IF you can pick up a package at this post office on Wednesday:

ENGLESIDE
8588 RICHMOND HWY
ALEXANDRIA, VA 22309-9998 

We can send you cultures via Express Mail in the morning at our expense. BUT, the Post Office is not guaranteeing delivery overnight this week so if the package is delayed it will beyond our control.

Would that help?


----------



## JL-Exotics (Nov 10, 2005)

Sorry, but the last pick-up for express mail just left for the day... I will have to withdraw our offer. 

Hopefully someone local can spare a few cultures in the mean time???


----------



## Faceless (Sep 11, 2008)

Have you tried calling your local petsmart 
or any petstores in your area to see if they carry them ?


----------



## melissa68 (Feb 16, 2004)

Add a bit of water to your cultures - you might be able to get some maggots or fruit flies and feed those.

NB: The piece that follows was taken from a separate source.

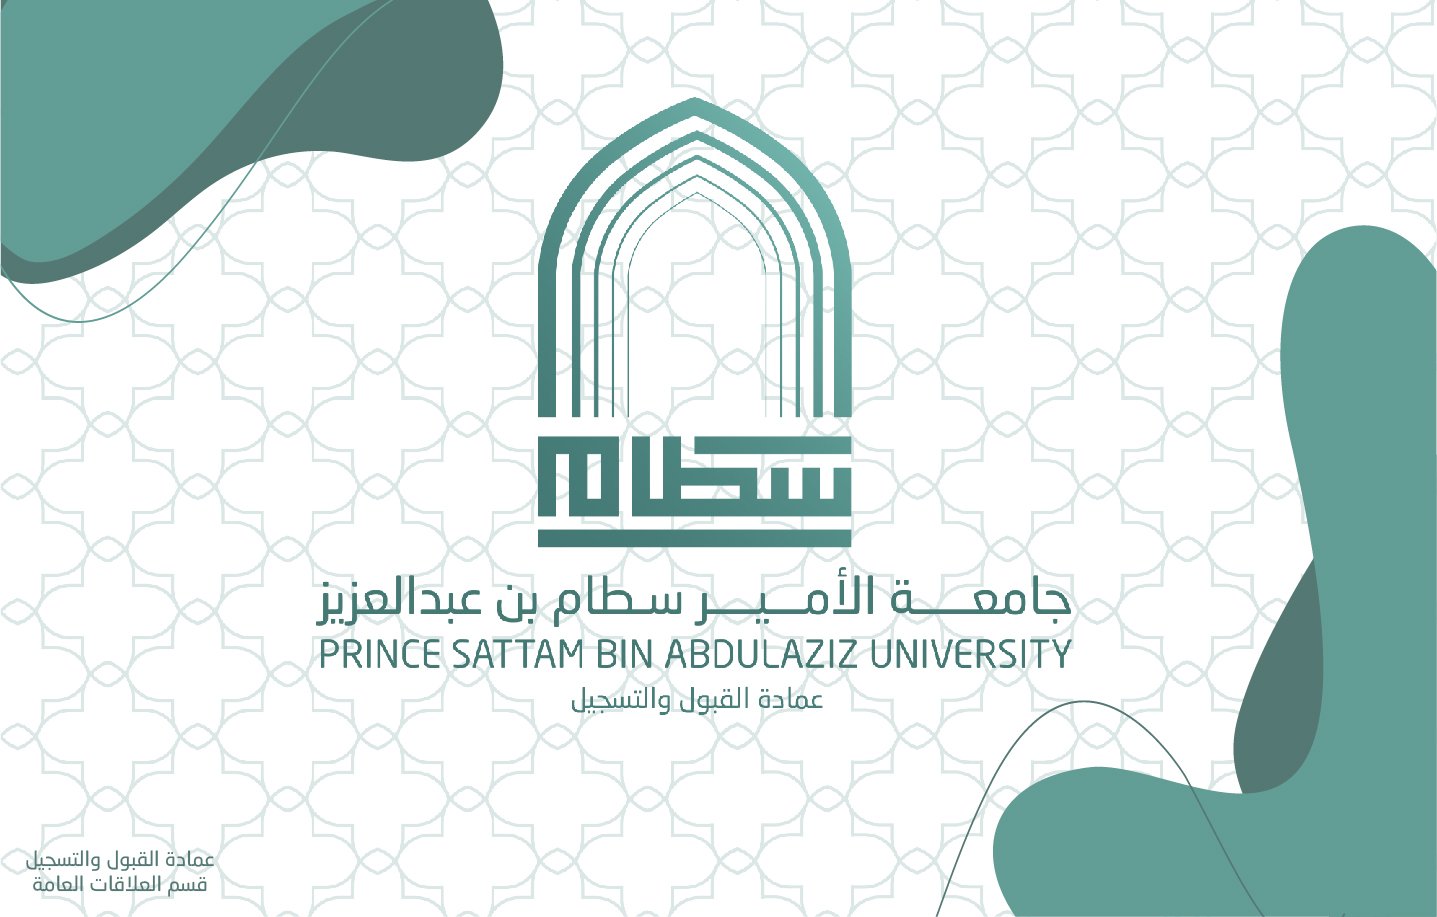 The opening of the medical specialty for female students at Prince Sattam bin Abdulaziz University
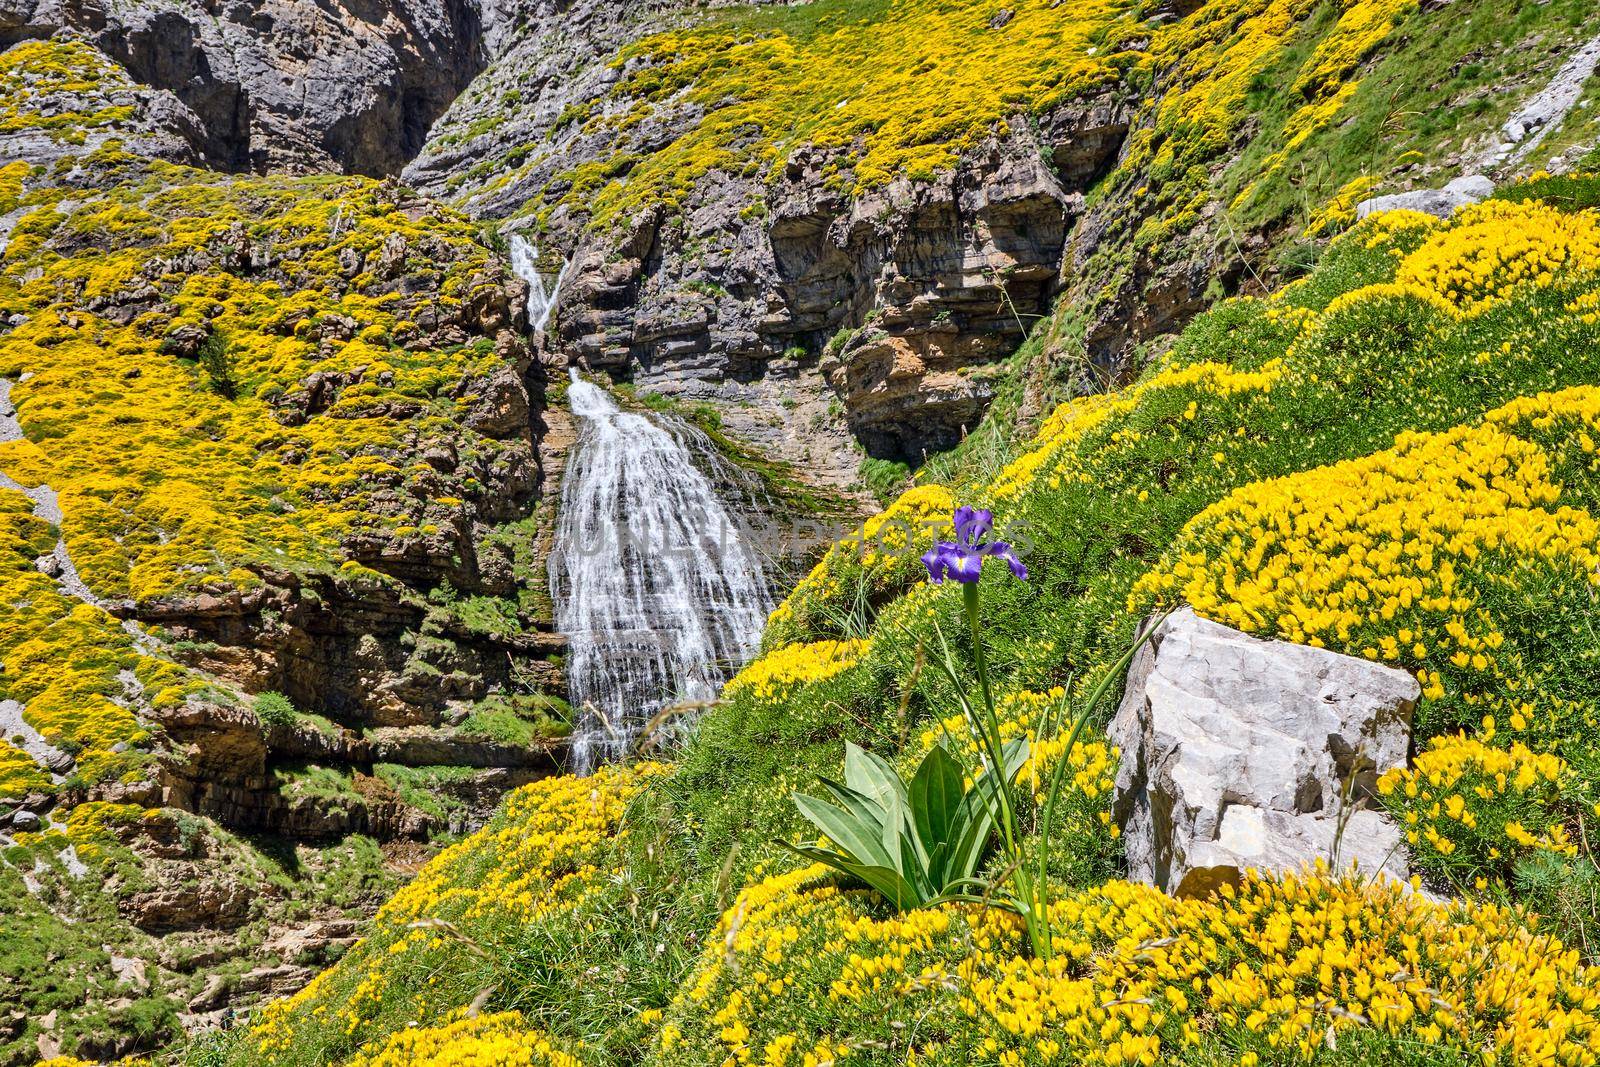 The Cola de Caballo waterfall in the beautiful Ordesa Valley with flowering yellow gorse

In the future, have back up food sources


----------



## Corpus Callosum (Apr 7, 2007)

Check the MADS mailing list (thread with information in the regional section) and ask your locals there.


----------



## MzFroggie (Mar 22, 2008)

I have back ups but they aren't yet ready.. It was all set for me to be receiving my shipment by today. But do to some shipping issues they fell through. I just started back making my own cultures and haven't got it going steady just yet. I ordered more and put the one day rush on them, so hopefully they will be here tomorrow. Petsmart carries them sometime but in vials and don't normally have many. The one's they do have have only like maybe 10 ff inside.


----------



## divingne1 (Mar 21, 2008)

MzFroggie said:


> w. Petsmart carries them sometime but in vials and don't normally have many. The one's they do have have only like maybe 10 ff inside.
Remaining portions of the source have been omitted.